Они попрощались, я направился к двери, но задержался и спросил:
– Еду машиной в направлении центра. У вас ведь рабочий день уже оканчивается. Не хотите ли, чтобы я подвез вас?
Поочередно посмотрел в глаза каждой, лично адресуя свое предложение. На Галиных зрачках задержал взгляд чуть дольше, и она кивнула:
– Да, меня до метро, будьте добры!
В машине Галя бросила сумку назад и расположилась вполоборота ко мне, сразу настроившись на разговор. Я не мучил ее паузами и спросил, едва тронувшись с места:
– Она у вас набожная, завуч эта?
– Как паровоз!
– В смысле?
– Старая, железная, упрямая. И ничего перед собой не видит, кроме рельс.

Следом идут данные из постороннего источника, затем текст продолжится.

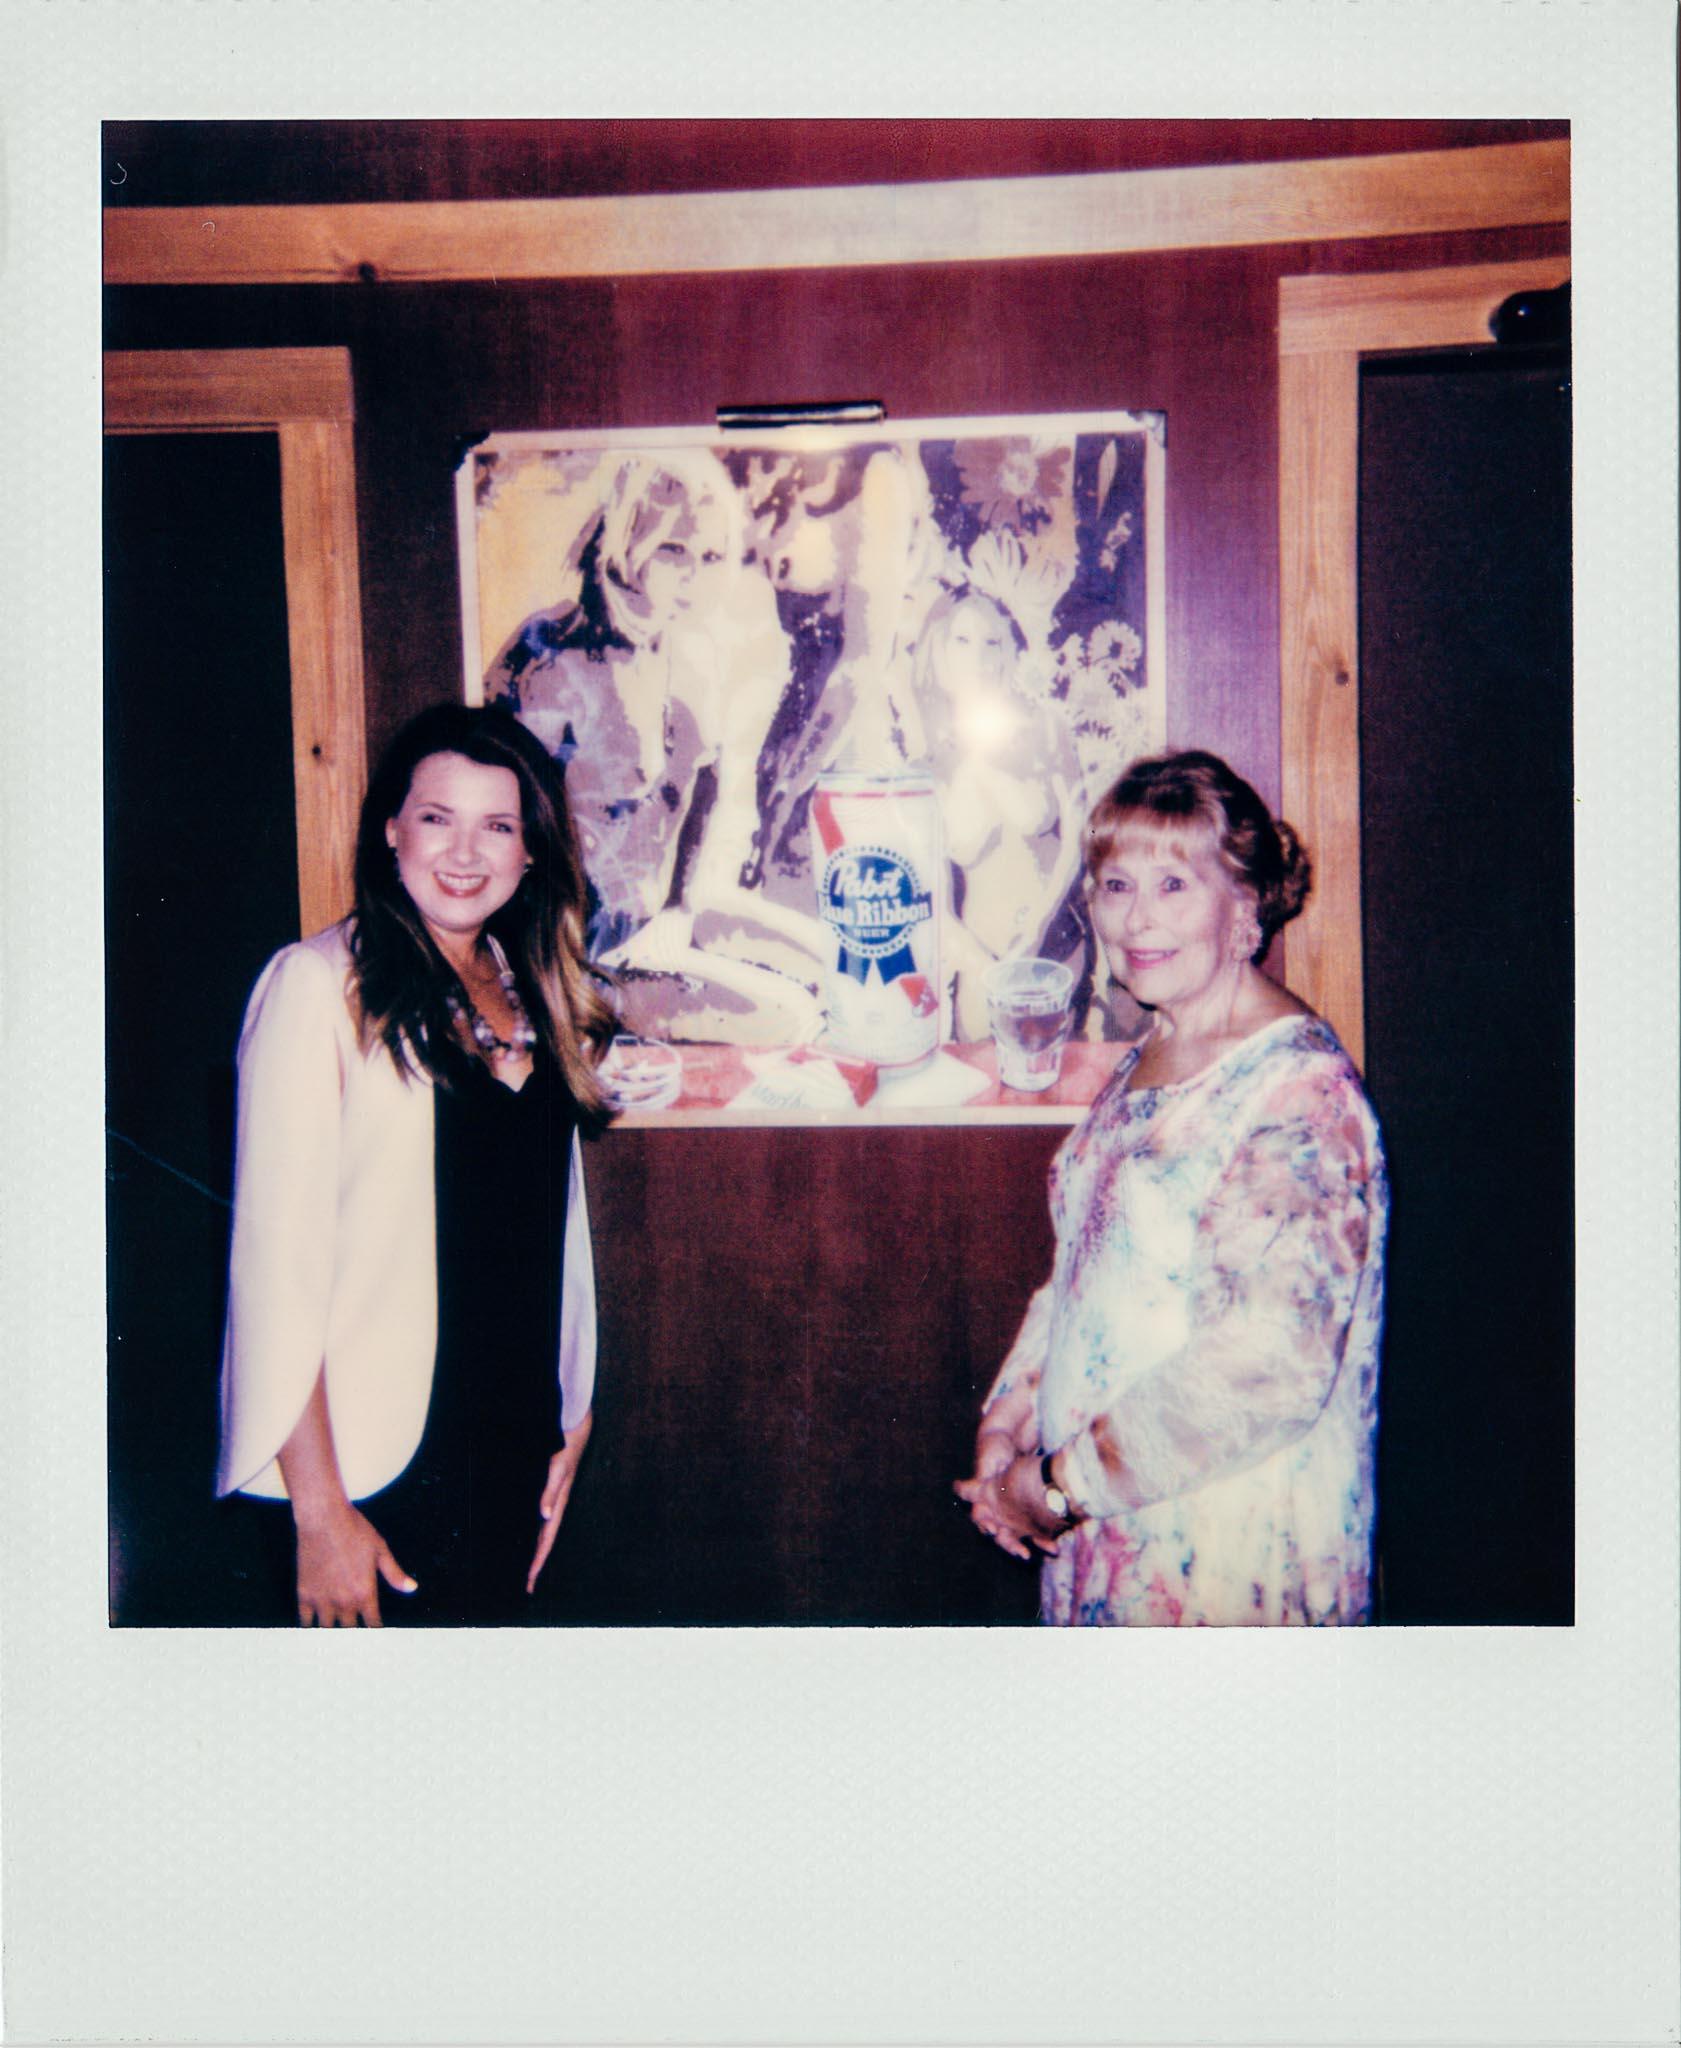 Linda Updike and Lauren Ferriola posing in front of Wallys Nude Wall paper

– И Катю презирает за самоубийство?
– Еще бы! Но при этом в голове у нее разлад: мол, как это, такая чудесная женщина, педагог, потенциально мать – и вдруг такой грех! Просто-таки пятно на мировоззрении. – Галя подмигнула. – Вы бы лучше намекнули, что, возможно, это было убийство – тогда бы Ирина вам все за милого душу выложила.
– Я не рассмотрел ее так быстро, виноват. А есть что выкладывать?
Мы вывернули на проспект, Галя опустила стекло, взяла сигарету из пачки и только тогда спросила:
– Курить в кабине можно?
– Легко.
– Вы будете?
– Мне не стоит – сбивает интуицию.
Она кивнула и затянулась. Сообщила:
– У Кати был хахель. Вы знаете?
– Сергей Карась?
– Ага.
– Довелось общаться с этим субъектом.
– И что вы о нем думаете?
Вообще-то, мне не следовало позволять ей перехватить инициативу, но Галя явно спрашивала лишь затем, чтобы после высказать собственное мнение.
– Думаю, что он мягкотел, слабоволен и труслив. Этакий мелкий человечек из чеховских рассказов.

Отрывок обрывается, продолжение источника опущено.